Seoul is the airline hub for international passengers, and Pusan the hub
for air freight. Hokkaido, the northernmost of Japan's four main islands,
is only 25 miles from Sakhalin, and Japan is trying to re-establish an
economic presence on the Russian island. In the last 18 months, Japan has
opened a consulate, a commercial bank branch, an economic promotion office
for Hokkaido and a news bureau for the state television network, NHK.
Taiwan has also jumped into the fray, sending its first trade mission here
in June.

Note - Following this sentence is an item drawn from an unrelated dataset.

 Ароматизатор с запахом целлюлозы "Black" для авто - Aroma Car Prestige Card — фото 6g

But in the racial geopolitics of the Russian Far East, Koreans
are the "good Asians" while Japanese are met with lingering distrust.

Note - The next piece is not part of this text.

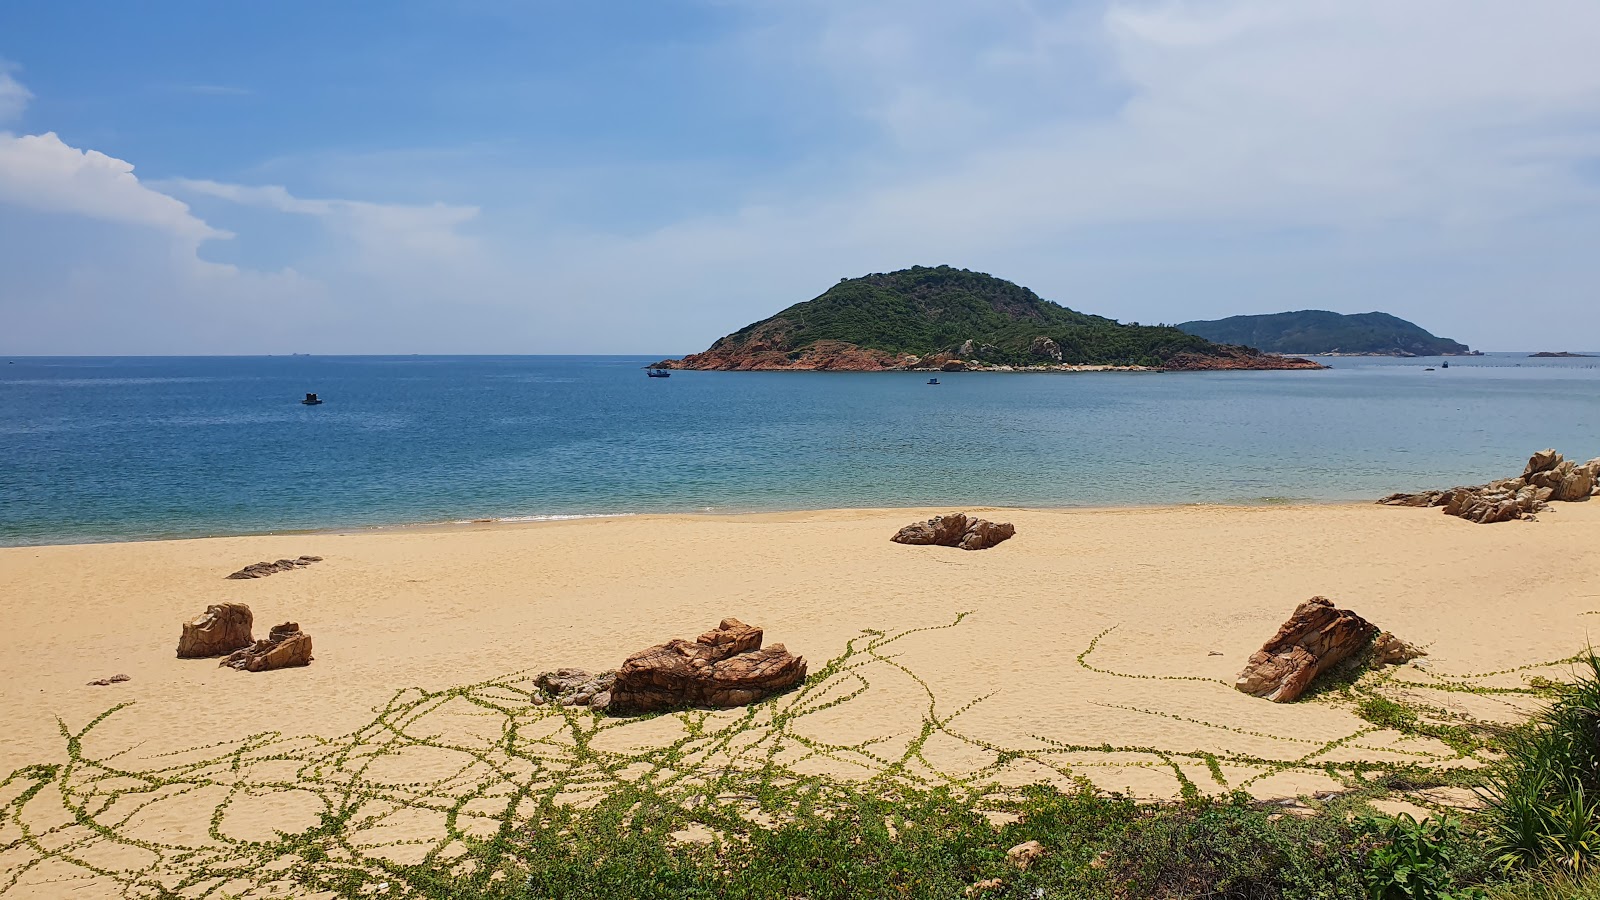 Foto af Bai Xep Beach - populært sted blandt afslapningskendere

Half a century after Stalin closed Korean schools, newspapers and
theaters; burned Korean books, and banned the Korean language,
Korean-language studies are expanding here and in other cities of the
Russian Far East. In this city, a main street is lined with portraits of
Victory Heroes, Soviet soldiers killed fighting the Japanese in August
1945. On the Russian mainland, a whitewashed monument in Khasan hails the
defeat of the "Japanese samurai" in 1938, fighting that cost 1,500 lives
but blocked the Japanese march toward Vladivostock.
Looking to the future, Russia is deeply insecure about China, a nation of
1.2 billion people. China borders an expanse of Russia, eastern Siberia
and the Russian Far East, an area with some 16 million inhabitants. Today,
about 100,000 Chinese work in Russian border areas, constituting a growing
force in trade and farming. In August, President Vladimir V. Putin spent a
week in Vladivostok where he lectured 10 regional governors about economic
development. His basic message was: Use it or lose it.
With South Korea's economy now larger than all of Russia's, ethnic Korean
youth here on the island feel the tug of the ancestral homeland. Starting
Sept. 1, visas for ethnic Koreans working in South Korea will be valid for
one year, four times longer than before. South Korea is following Japan's
strategy of easing a labor shortage by giving priority for work permits to
foreigners of Japanese descent. With South Korea's population aging, the
Constitutional Court there has given the government until the end of 2003
to loosen immigration and work rules for the 2 million ethnic Koreans in
China and the 500,000 ethnic Koreans scattered across the former Soviet
Union.
In an alternate strategy, South Korean manufacturers want to farm out
back-office and assembly work to low-wage free-trade zones in North Korea.
[On Friday, North and South Korean negotiators agreed to begin
construction before the end of the year of a huge industrial park in
Kaesong, North Korea, about 50 miles north of Seoul.] South Korea's
government also sponsors Korean language and culture camps for ethnic
Koreans overseas. From Sakhalin, hundreds of children go every summer to
camp in South Korea. Lee Den Ja, director of a Korean folklore group here,
said: "The kids still speak Korean badly. Nowadays, they think of
themselves as about 70 percent Russian."